The following table shows if their condition improved or not. by looking at it, can you tell if the drug had a positive effect on the Patient?
Here in this example, we can see that 35 out of the 50 patients showed improvement. Suppose if the drug had no effect, the 50 will split the same proportion of the patients who were not given the treatment. Here, in this case, improvement of control case is high as about 70% of patients showed improvement.
Since both categorical variables which we have already define must have only 2 levels. Also,  it was sort of perceptive today that the drug treatment and health condition are dependent.

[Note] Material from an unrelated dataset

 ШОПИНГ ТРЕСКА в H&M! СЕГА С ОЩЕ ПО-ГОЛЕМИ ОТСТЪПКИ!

### c. Chi-Squared Statistic

For example:
The first cell will take the value: 50 times by 105, which equals 35.7.
All the expected values can be computed this way (shown in brackets).
Once that is done, the Chi-Sq statistic computed as follows.
$$\chi^2= \sum_{i=1}^{n} \frac{(O_i – E_i)^2}{E_i}$$

### d. Numeric Computation

$$\ Chi-Sq = ((35-29.04)^2 / 29.04) + ((15-20.95)^2 / 20.95) +$$
$$\ ((26-31.95)^2 / 31.95) + ((29-23.04)^2/23.04) = 5.56$$
This value will be larger if the difference between the actual and expected values widens.
Also, if we have more categories of the variables then larger the chi-squared statistic should be.

### e. Chi-Squared Test

Particularly in this test, we have to check the p-values. Moreover, like all statistical tests, we assume this test as a null hypothesis and an alternate hypothesis.
The main thing is, we reject the null hypothesis if the p-value that comes out in the result is less than a predetermined significance level, which is 0.05 usually, then we reject the null hypothesis.
H0: The The two variables are independent
H1: The two variables relate to each other.
In case of a null hypothesis chi-squared test is to test the two variables that are independent.

### f. R Code

We will work on R by doing a chi-squared test on the treatment (X) and improvement (Y) columns in treatment.csv
First, read in the treatment.csv data.
table(df$treatment, df$improvement)
improved not-improved
not-treated 26 29
treated 35 15
Let’s do the chi-squared test using the chisq.test() function. It takes the two vectors as the input. We also set correct=FALSE to turn off Yates’ continuity correction.
# Chi-sq test
chisq.test(df$treatment, df$improvement, correct=FALSE)
Pearson’s Chi-squared test
data: df$treatment and df$improvement
X-squared = 5.5569, df = 1, p-value = 0.01841
We have a chi-squared value of 5.55. Since we get a p-Value less than the significance level of 0.05, we reject the null hypothesis and conclude that the two variables are in fact dependent. Sweet!

### g. Mini-Challenge

Particularly for this challenge, first, find out if the ‘cyl’ and ‘carb’ variables in ‘mtcars’ dataset. That is dependent or not.
Let’s have a look the table of mtcars$carb vs mtcars$cyl.
table(mtcars$carb, mtcars$cyl)
4 6 8
1 5 2 0
2 6 0 4
3 0 0 3
4 0 4 6
6 0 1 0
8 0 0 1
Since there are more levels. So it’s too hard to make out if they relate to each other. Let’s use the chi-squared test instead.
# Chi-sq test
chisq.test(mtcars$carb, mtcars$cyl)
Pearson’s Chi-squared test
data: mtcars$carb and mtcars$cyl
X-squared = 24.389, df = 10, p-value = 0.006632
We have a high chi-squared value and a p-value of less than 0.05 significance level. So we reject the null hypothesis and conclude that carb and cyl have a significant relationship.

## 3. Conclusion

We have studied in detail about chi-square tests and its parameters with the example. These parameters with examples which we have discussed in the above information will help you to correlate with real-life examples based on chi-square-tests.

### No Responses

1. Simon says:

I am worried about the rate of success of chisq.test(). A Very detailed article though.